My Nonlinear Future 09. 08. 16

Some discrete, inconsequent thoughts haunt my essence
It tells on my poems, on my scrappy verse
The last was composed in the lack of complacence
And its flaws I simply don't want to rehearse

Quite weird... I invent with no haste and no hurry
Perhaps, to myself I make too high requests
My river's still calm and the night sky is starry
But my former skill neath the sand of time rests

It's late to show off and no vista for dreaming
The charm of my youth's turned to something reverse
Instead of the green hursts the poison marsh's steaming
And further on these lands will be only worse

I ne'er had respects for the toil of a peasant
I weened the pains ain't recompensed with the yield
But my urban living's become so unpleasant,
That I would escape just to work in the field

"The old man has dreamt out" - grown o'er by the thistle
Is my once mature soil and dead is my lea
In my life I've none to indite an epistle
To say the words stupid as "l pine for thee"

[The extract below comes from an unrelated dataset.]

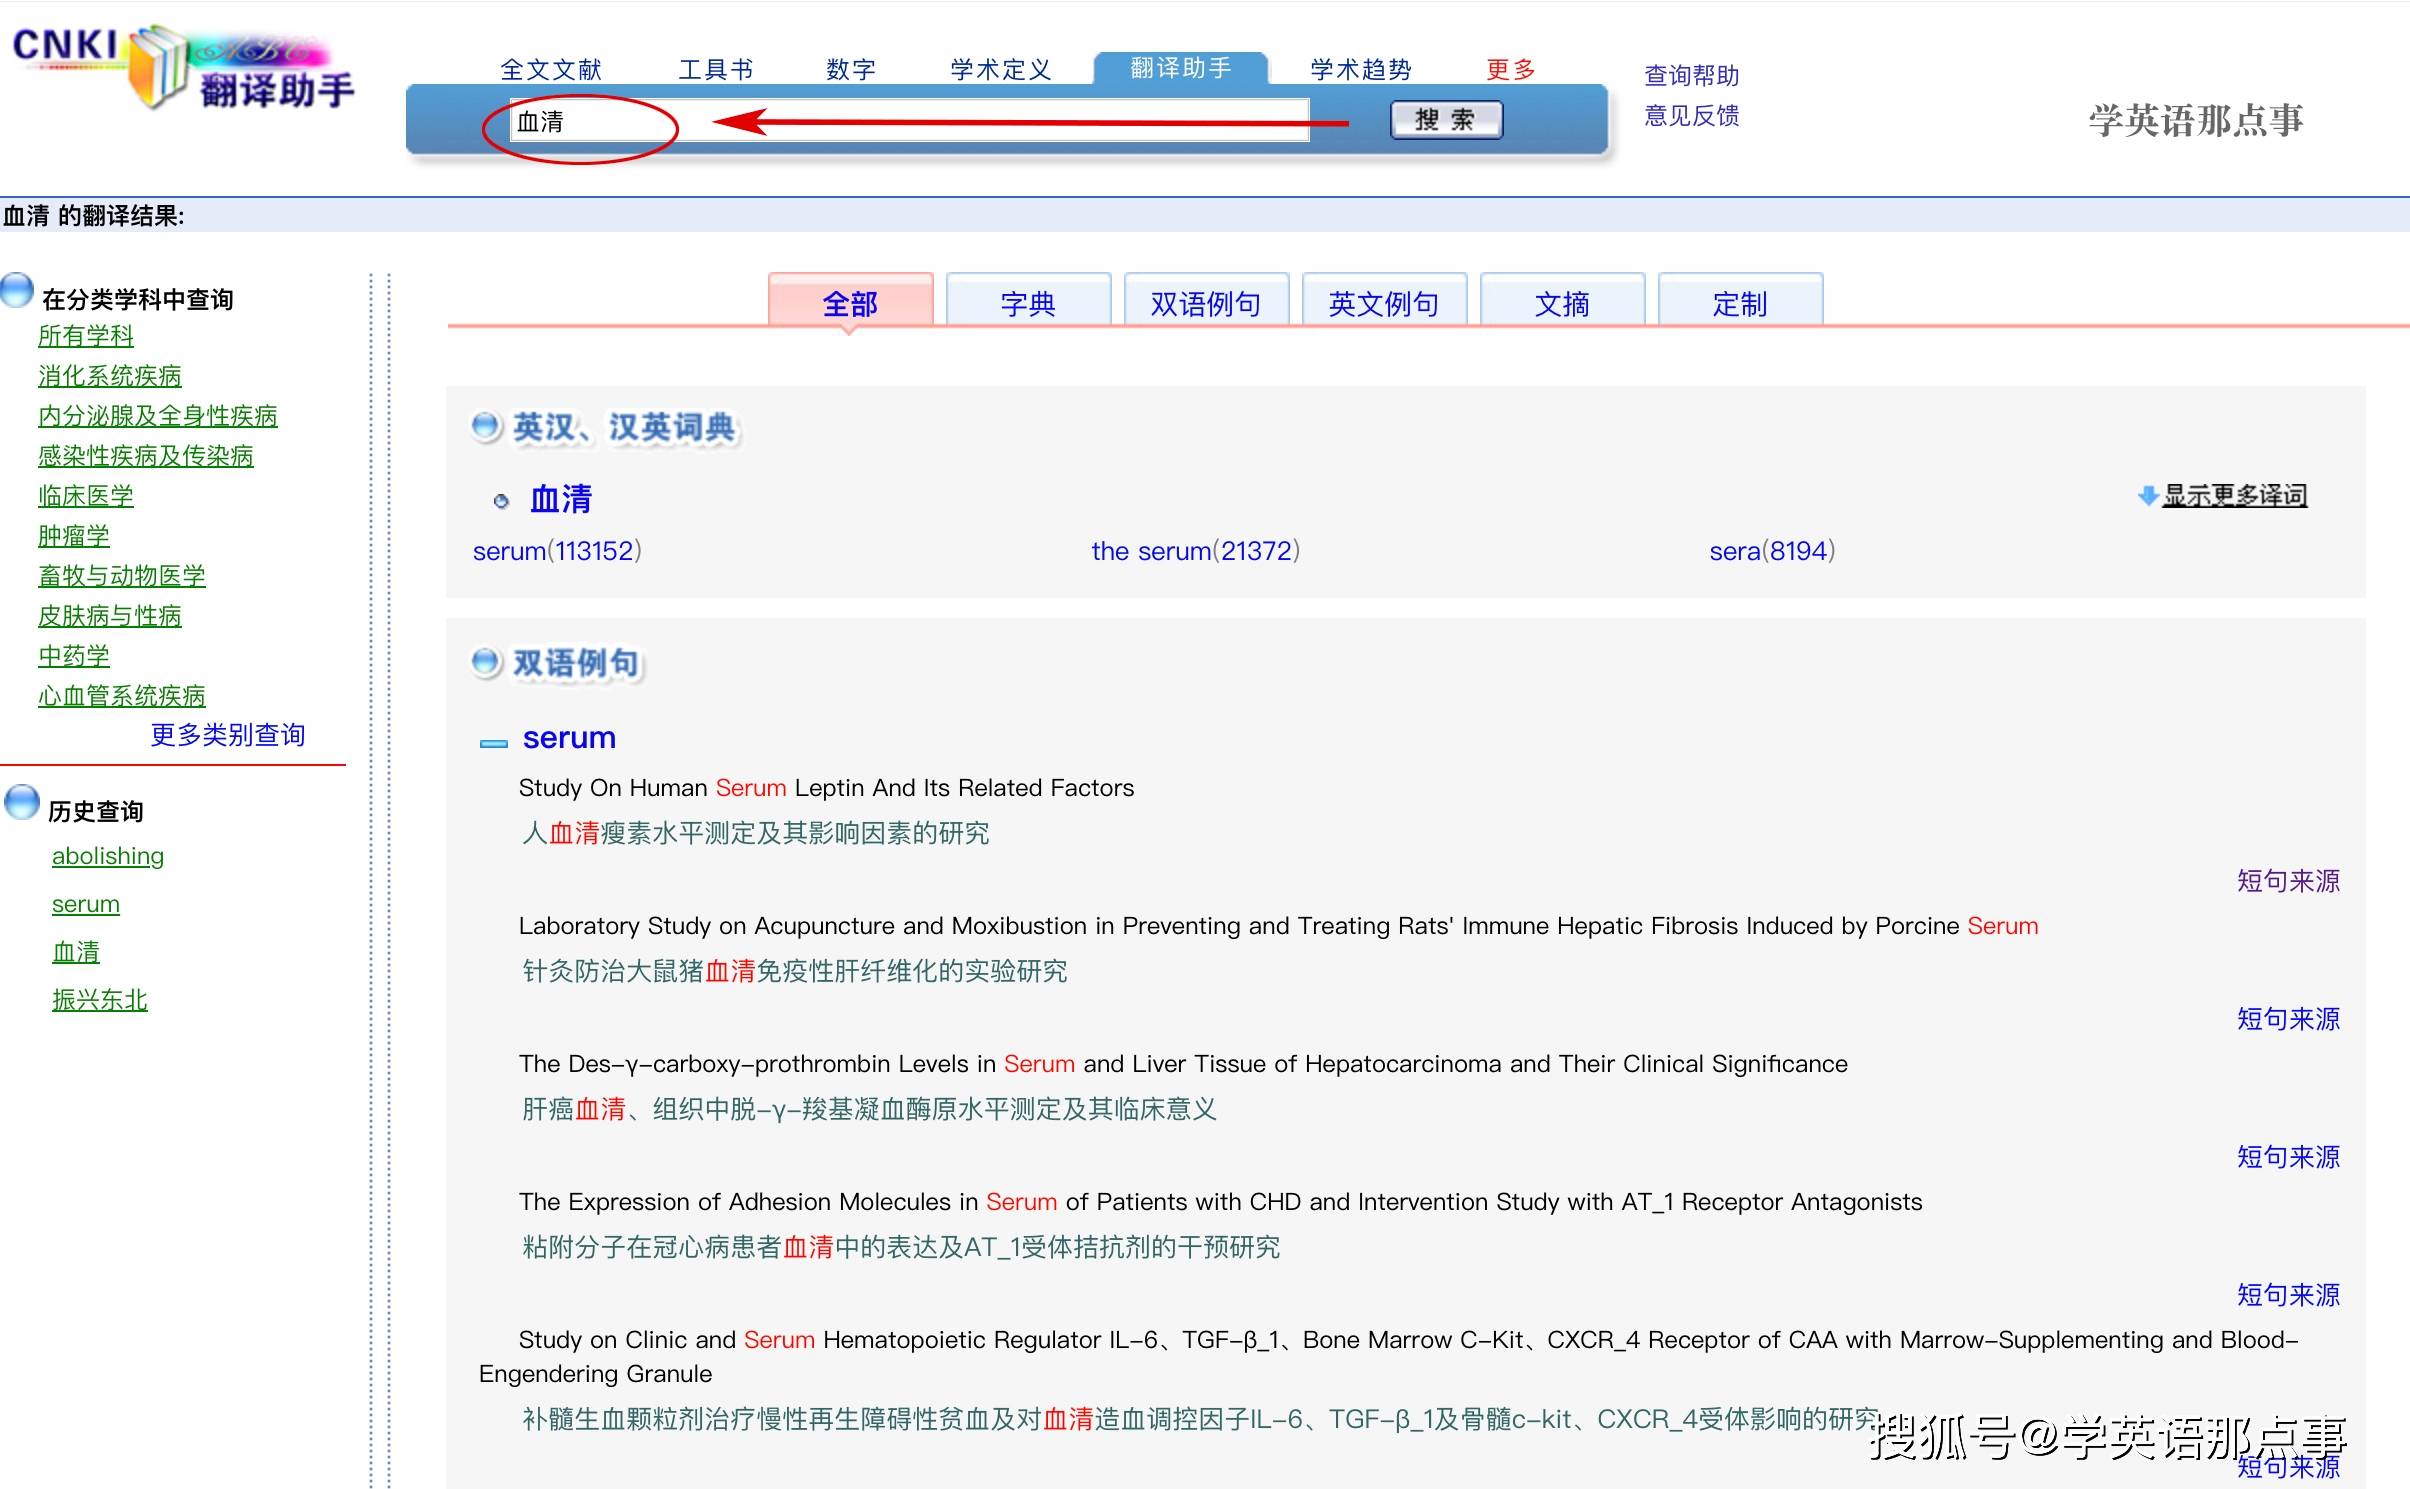 推荐一款专业在线英语翻译工具:cnki翻译助手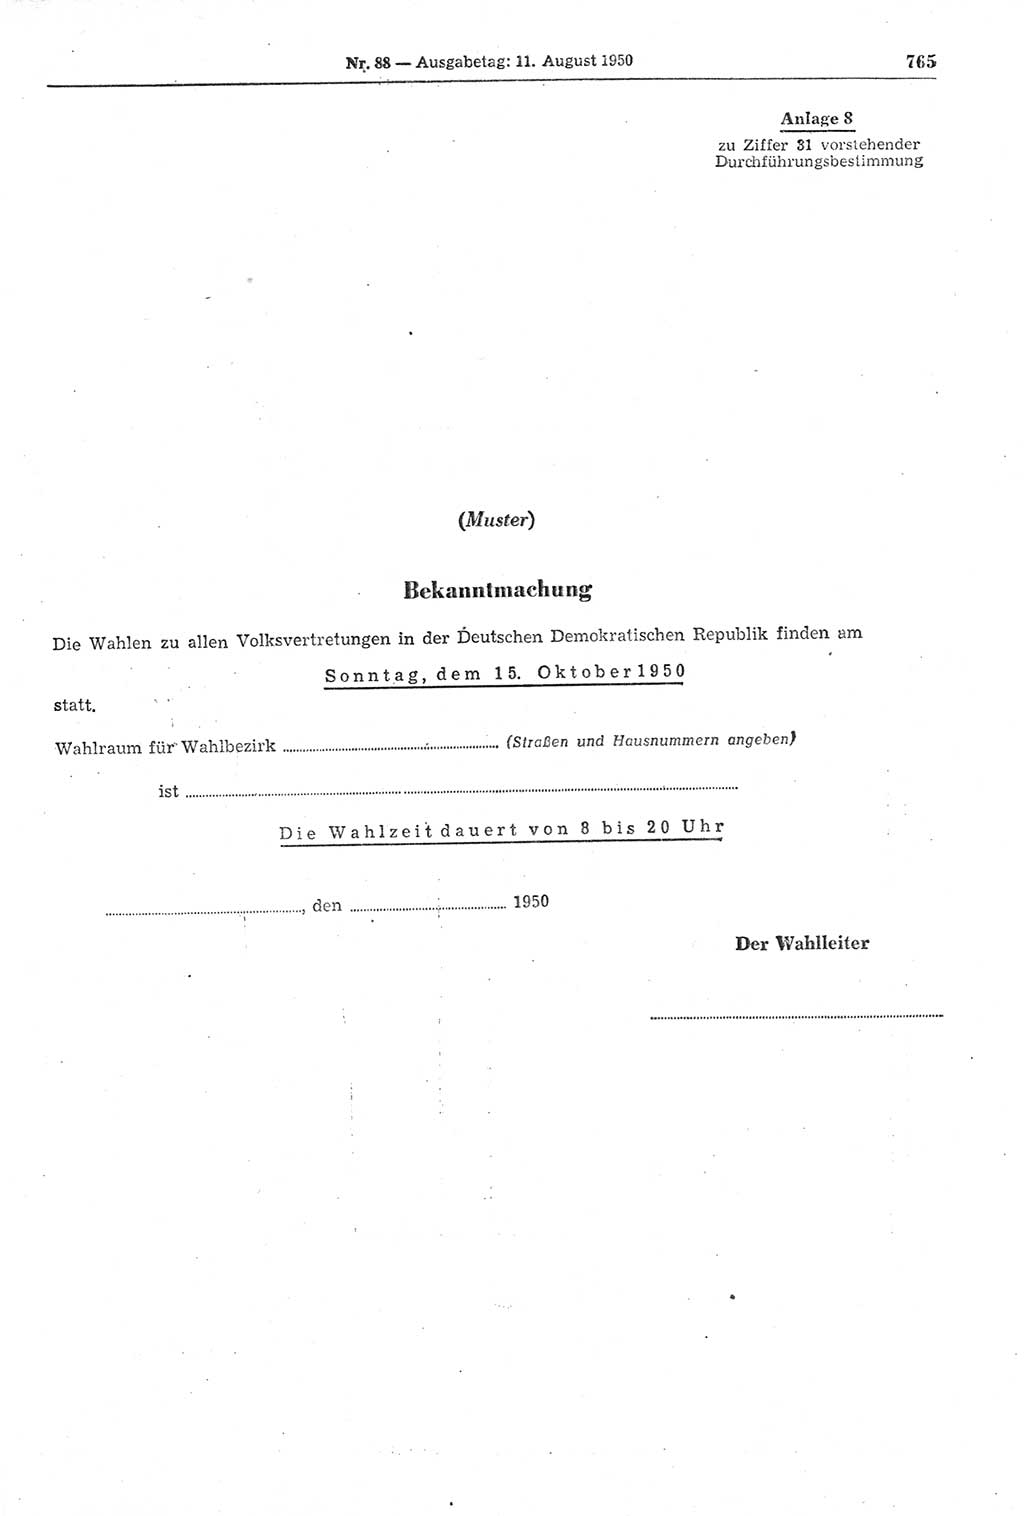 Gesetzblatt (GBl.) der Deutschen Demokratischen Republik (DDR) 1950, Seite 765 (GBl. DDR 1950, S. 765)

...The fall soon will let me return to the city
And this year shall leave on my heart one more seam
The trees will be golden, the girls will stay pretty
But such tempting beauty's no longer my theme

The woes may not kill but depress like asthenia
I worry and rack my mind harder than should
My present is sombre, my future's nonlinear
In any event it won't change to the good

So, what will remain after me but the fasti
And those signs which merely the horrors portend?